As a brief background, the SOC series of reports fall under ATC section 320, “Reporting on Examination of Controls at a Service Organization Relevant to User Entities’ Internal Control Over Financial Reporting,” and Statements on Standards for Attestation Engagements (SSAE) 18 (formerly 16), Attestation Standards: Clarification and Recodifying, originally effective beginning in 2011. Four reports exist currently:
- SOC 1—SOC for Service Organizations: ICFR, Report on Controls at a Service Organization Relevant to User Entities’ Internal Control over Financial Reporting
- SOC 2—SOC for Service Organizations: Trust Services Criteria, Report on Controls at a Service Organization Relevant to Security, Availability, Processing Integrity, Confidentiality, or Privacy
- SOC 3—SOC for Service Organizations: Trust Services Criteria for General Use Report
- SOC for Cybersecurity, which applies to all types of organizations.

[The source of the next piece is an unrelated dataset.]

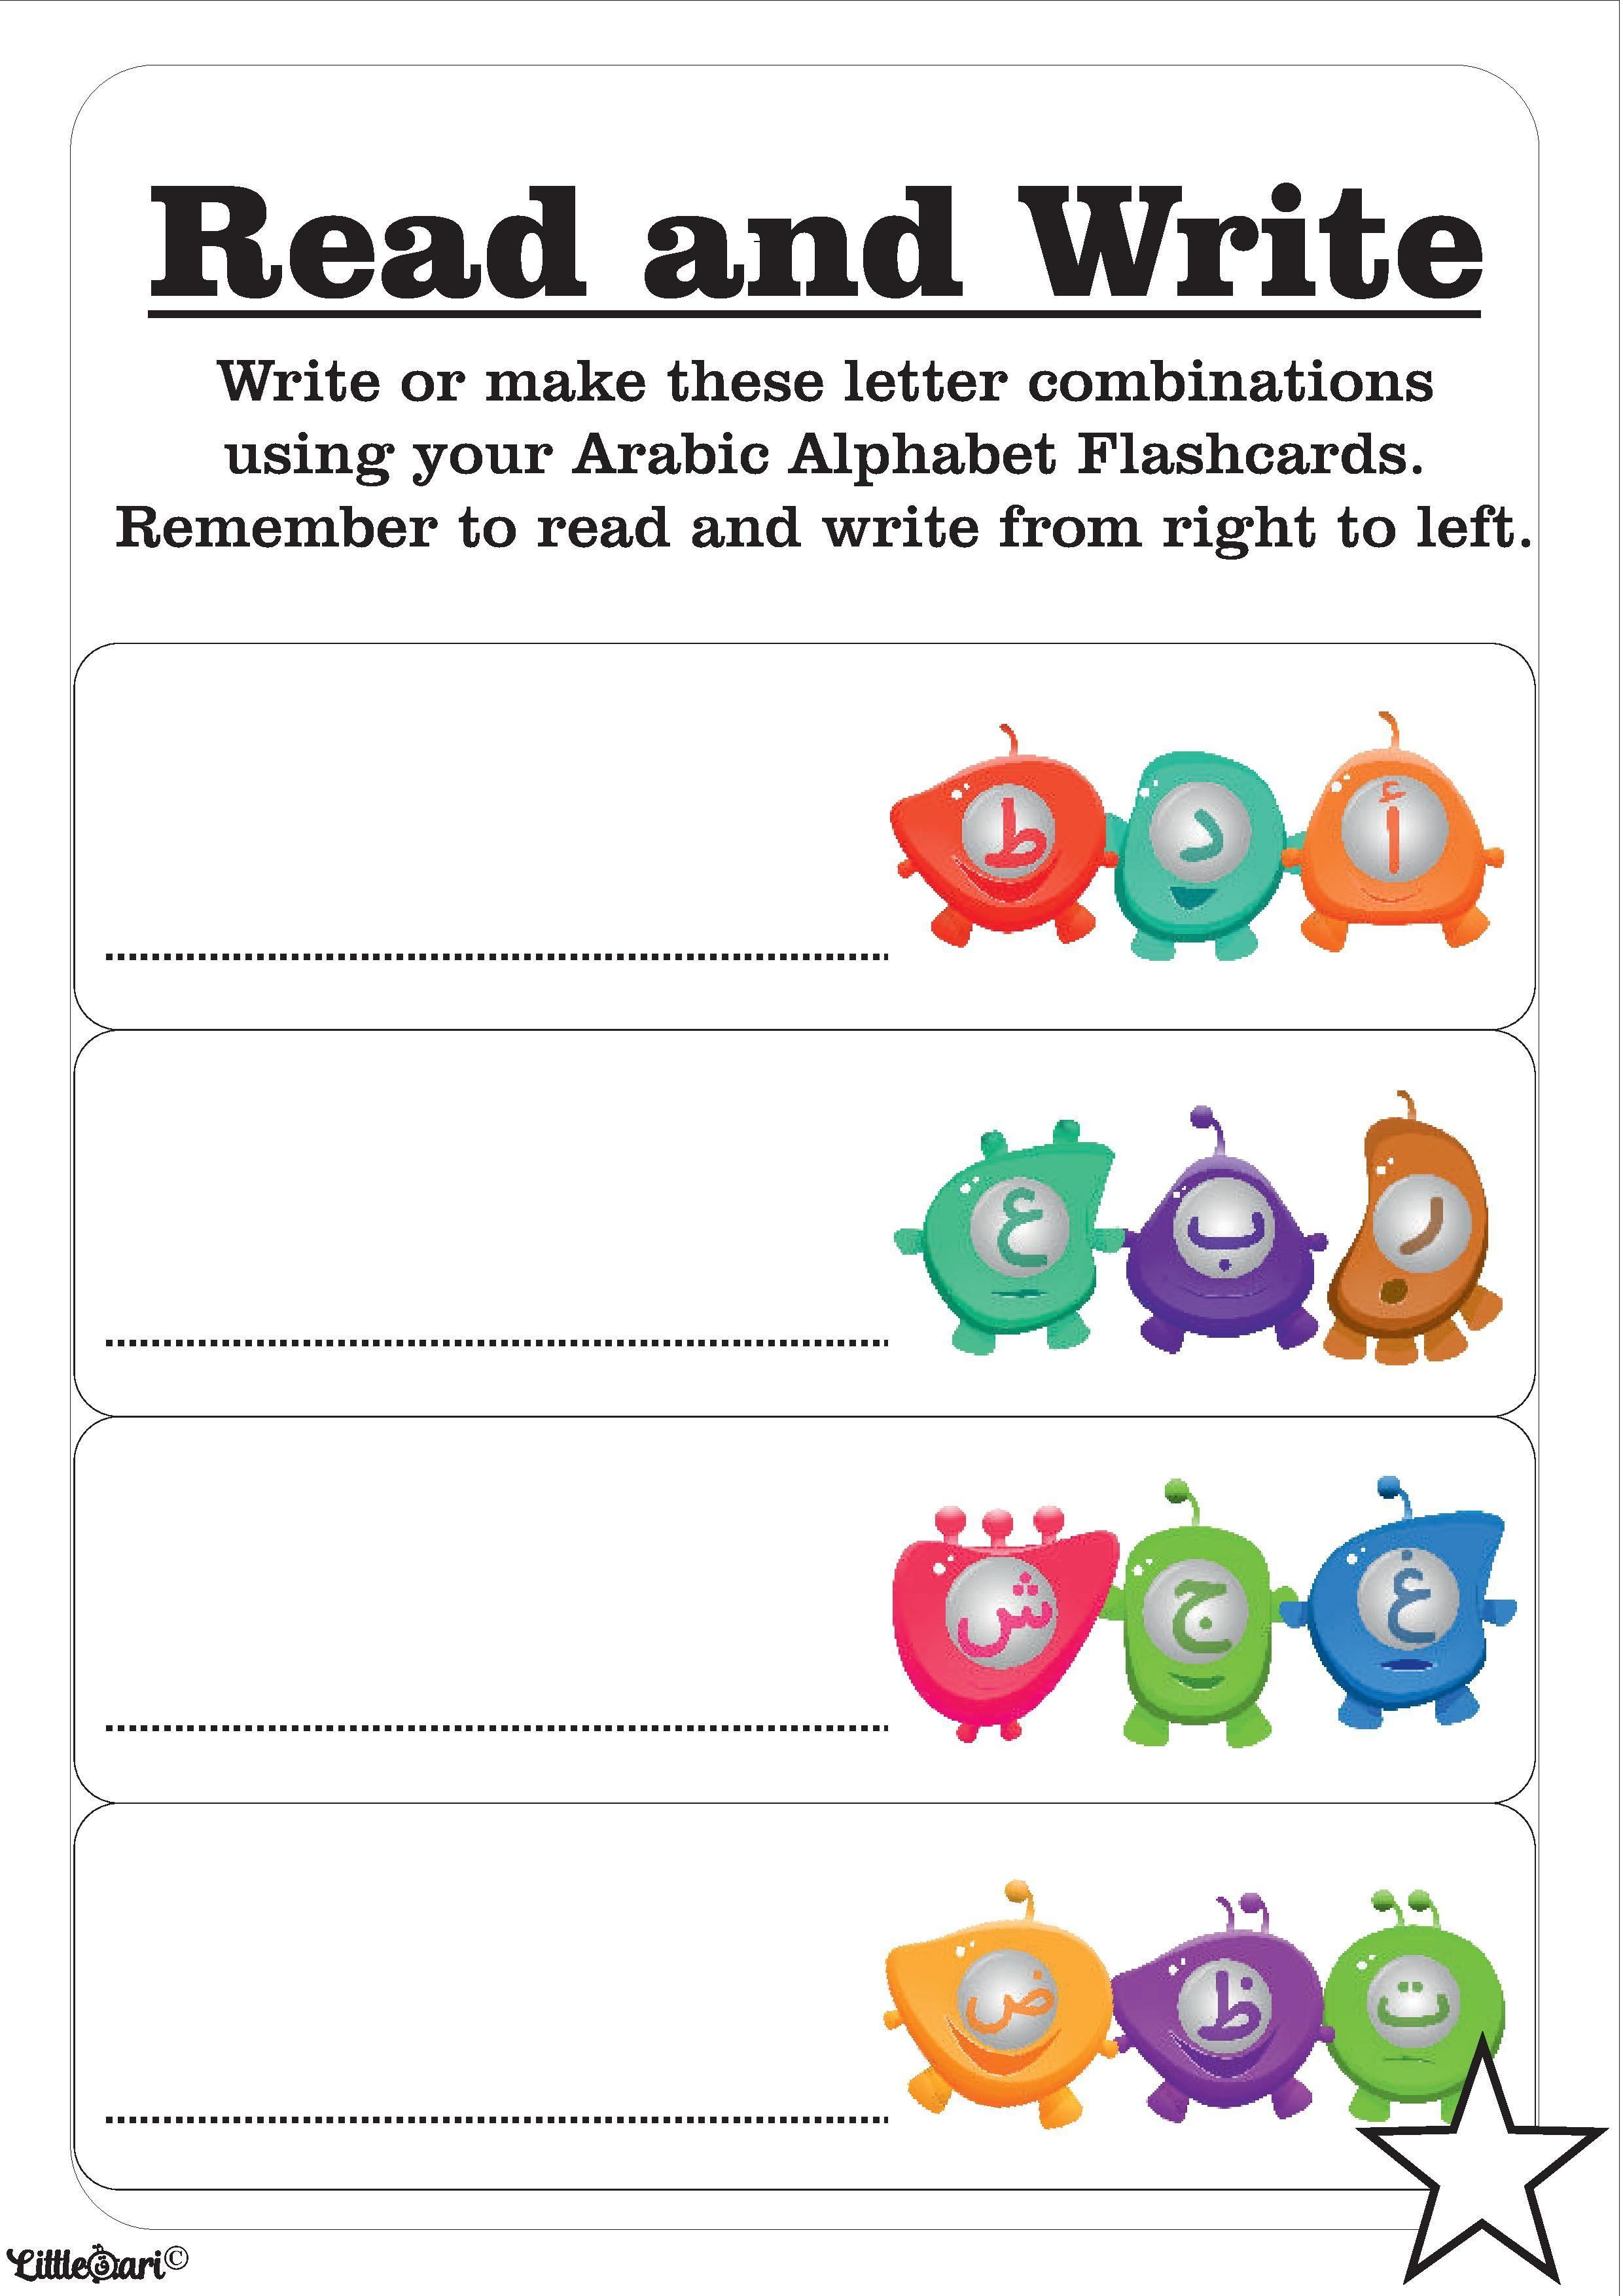 47 Summary Arabic Alphabet Littleqari Alphabet Flashcards Reading Writing Book Activities [ 3508 x 2480 Pixel ]
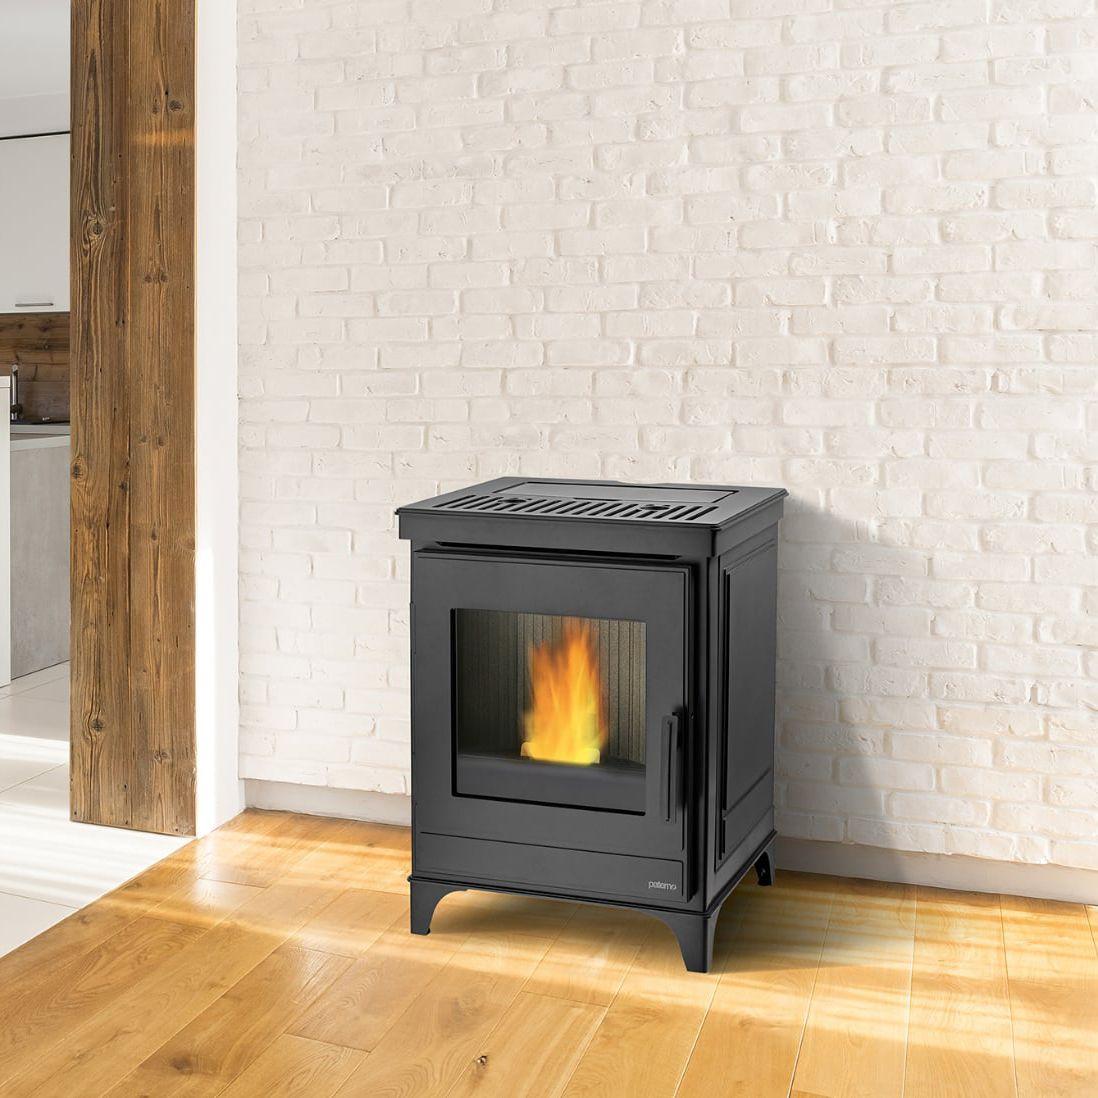 Stufe A Pellet Cassino pellet heating stove - p14 - paterno - steel / cast iron

“Trust services” refers to assurance services constructed on a set of principles and criteria; these are used in the SOC 2 and 3 reports. The Trust Services Principles and Criteria were developed under a joint project by the AICPA and the Canadian Institute of Chartered Accountants (CICA). This month’s column takes a look at some free SOC materials.
AICPA SOC Resources
The AICPA website offers access to its System and Organization Controls: SOC Suite of Services section of the Financial Reporting Center (https://www.aicpa.org/SOC). The main SOC page serves as a launching point to access SOC for Service Organizations and SOC for Cybersecurity. Most of the free materials are targeted to organization management (i.e., users) but can still be quite useful for CPAs. In addition, the SOC webpages highlight the AICPA’s commercial resources, which can be helpful for CPAs who would like to become more knowledgeable in this area.
The SOC for Service Organizations webpage presents resources for CPAs, users and user entities, and service organizations (http://bit.ly/37HHNPg). Starting with the SOC for Service Organizations: Information for Service Organizations subsidiary page, readers can find summary descriptions of SOC 1, SOC 2, and SOC 3, along with a comparison of the key issues being addressed in each type of report (http://bit.ly/2EhFN3A). A 40-page downloadable PDF, “Information for Service Organization Management,” provides an overview and discussion of the criteria for each of the SOCs, including the SOC for Cybersecurity, and it also covers management’s and auditors’ assertions (http://bit.ly/2Gy75Uj).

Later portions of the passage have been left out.